No. They don’t experience a cycle. Typically, you are taking heat from outside air (the cold reservoir), adding work, and pumping heat into the house air (the hot reservoir).

 

[yecko]

No. The entropy gain of the hot reservoir is greater than the entropy loss of the cold reservoir.

But why for the magnitude of entropy change is greater for hot reservoir than cold reservoir?

 

[Chestermiller]

But why for the magnitude of entropy change is greater for hot reservoir than cold reservoir?

The sum of the two is greater than zero.

 

[yecko]

why not magnitude of entropy change is greater for cold reservoir than hot reservoir?

 

[Chestermiller]

why not magnitude of entropy change is greater for cold reservoir than hot reservoir?

Like I said, the sum of the changes has to be greater than zero.

 

[Delta2]

@Chestermiller can you restate your opinion at post #8 cause the way it is now I can't make sense, one of the reservoirs has to be the cold one, and we need to have mechanical work in the system if we going to transfer heat from the cold reservoir to the hot reservoir.

 

[Chestermiller]

@Chestermiller can you restate your opinion at post #8 cause the way it is now I can't make sense, one of the reservoirs has to be the cold one, and we need to have mechanical work in the system if we going to transfer heat from the cold reservoir to the hot reservoir.

I don't understand what you are asking.

 

[Delta2]

I don't understand what you are asking.

nvm I figure it out myself, apparently you mean that the outside air is the cold reservoir.

 

[yecko]

So do you mean with 2nd law of thermodynamics, the entropy gain always greater than entropy loss, no matter it is heat engine (hot reservoir gain>cold reservoir loss) or heat pump (hot reservoir loss<cold reservoir gain)?

 

[Chestermiller]

So do you mean with 2nd law of thermodynamics, the entropy gain always greater than entropy loss, no matter it is heat engine (hot reservoir gain>cold reservoir loss) or heat pump (hot reservoir loss<cold reservoir gain)?

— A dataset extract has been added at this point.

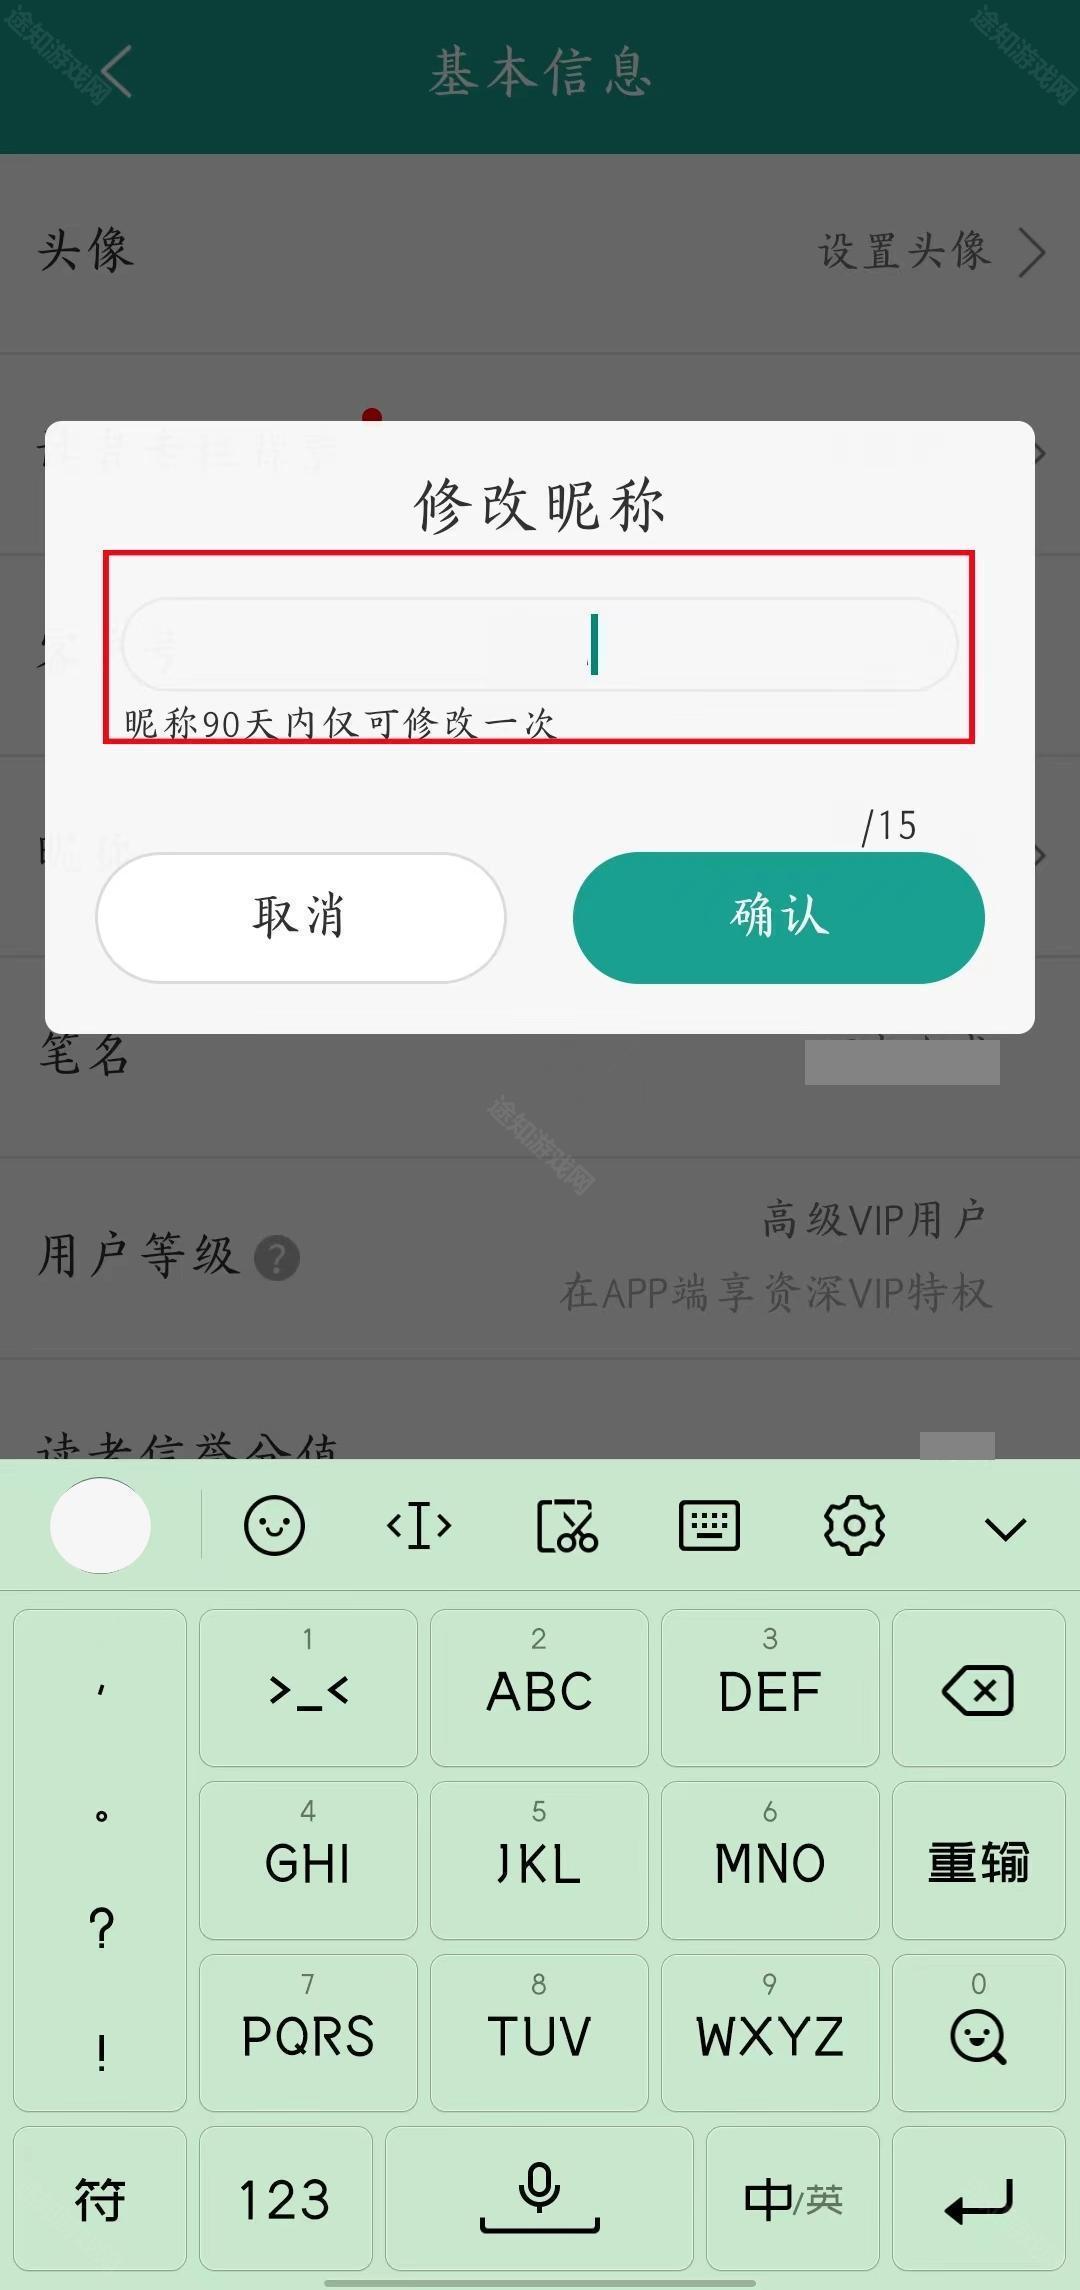 《晋江小说阅读》用户名称修改方法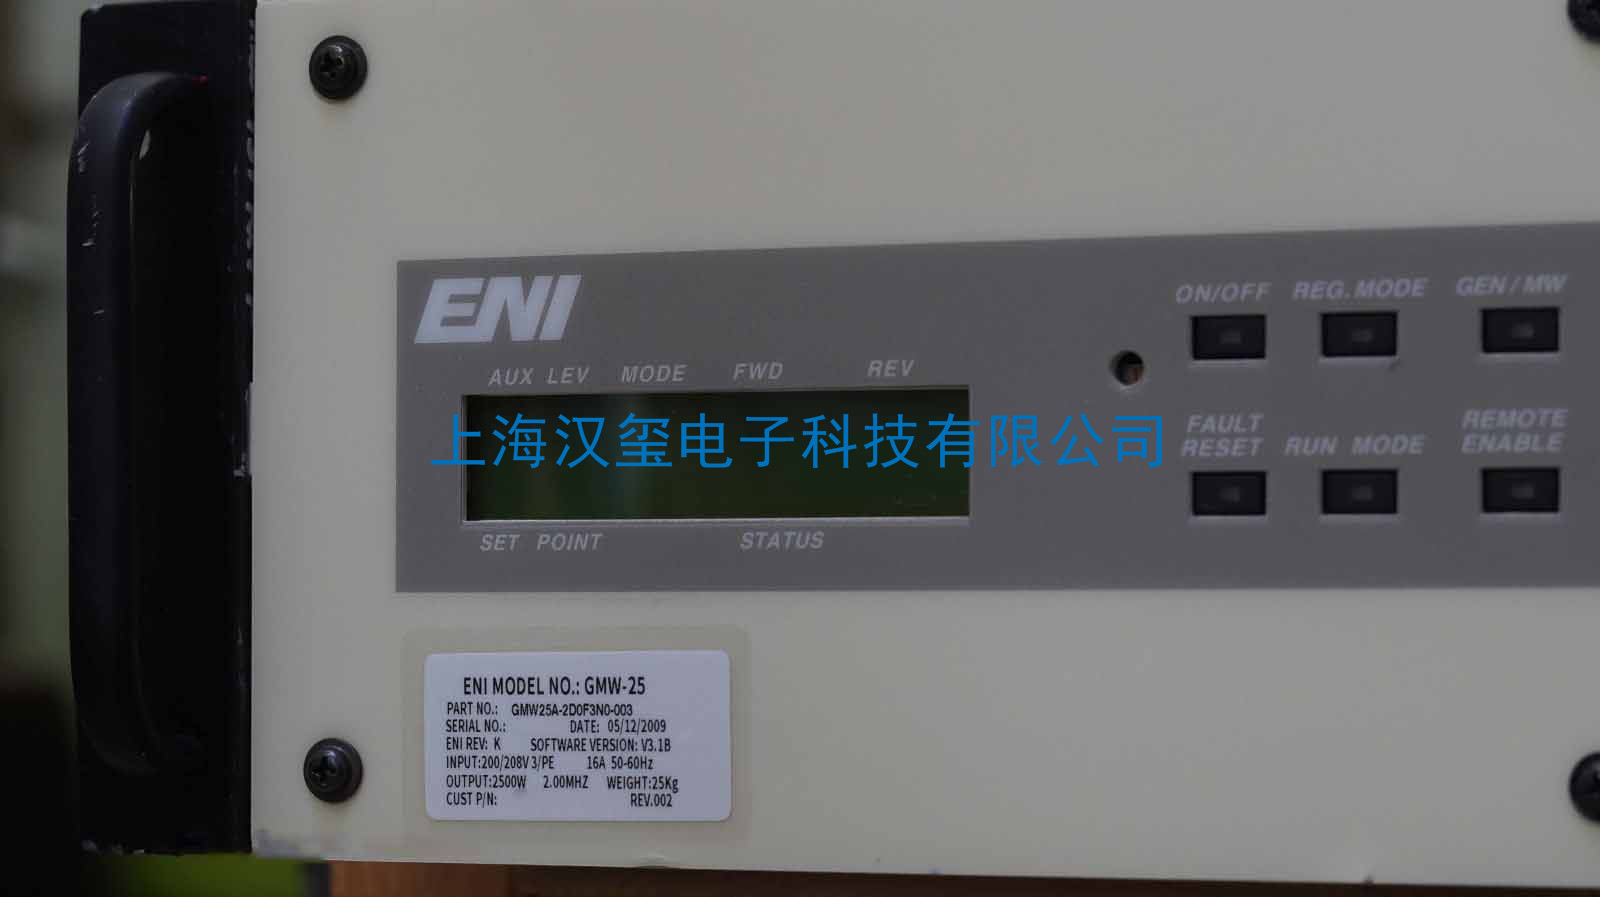 RF generator,ENI(MKS),GENESIS,GHW-25

Yes, for an irreversible engine, there is overall entropy generation.

 

[vela]

I don't understand what you are asking.

In post #8, you accidentally referred to the hot reservoir twice and made no mention of a cold reservoir.

 

[Chestermiller]

In post #8, you accidentally referred to the hot reservoir twice and made no mention of a cold reservoir.

Thanks. No wonder everyone was so confused. I have corrected it.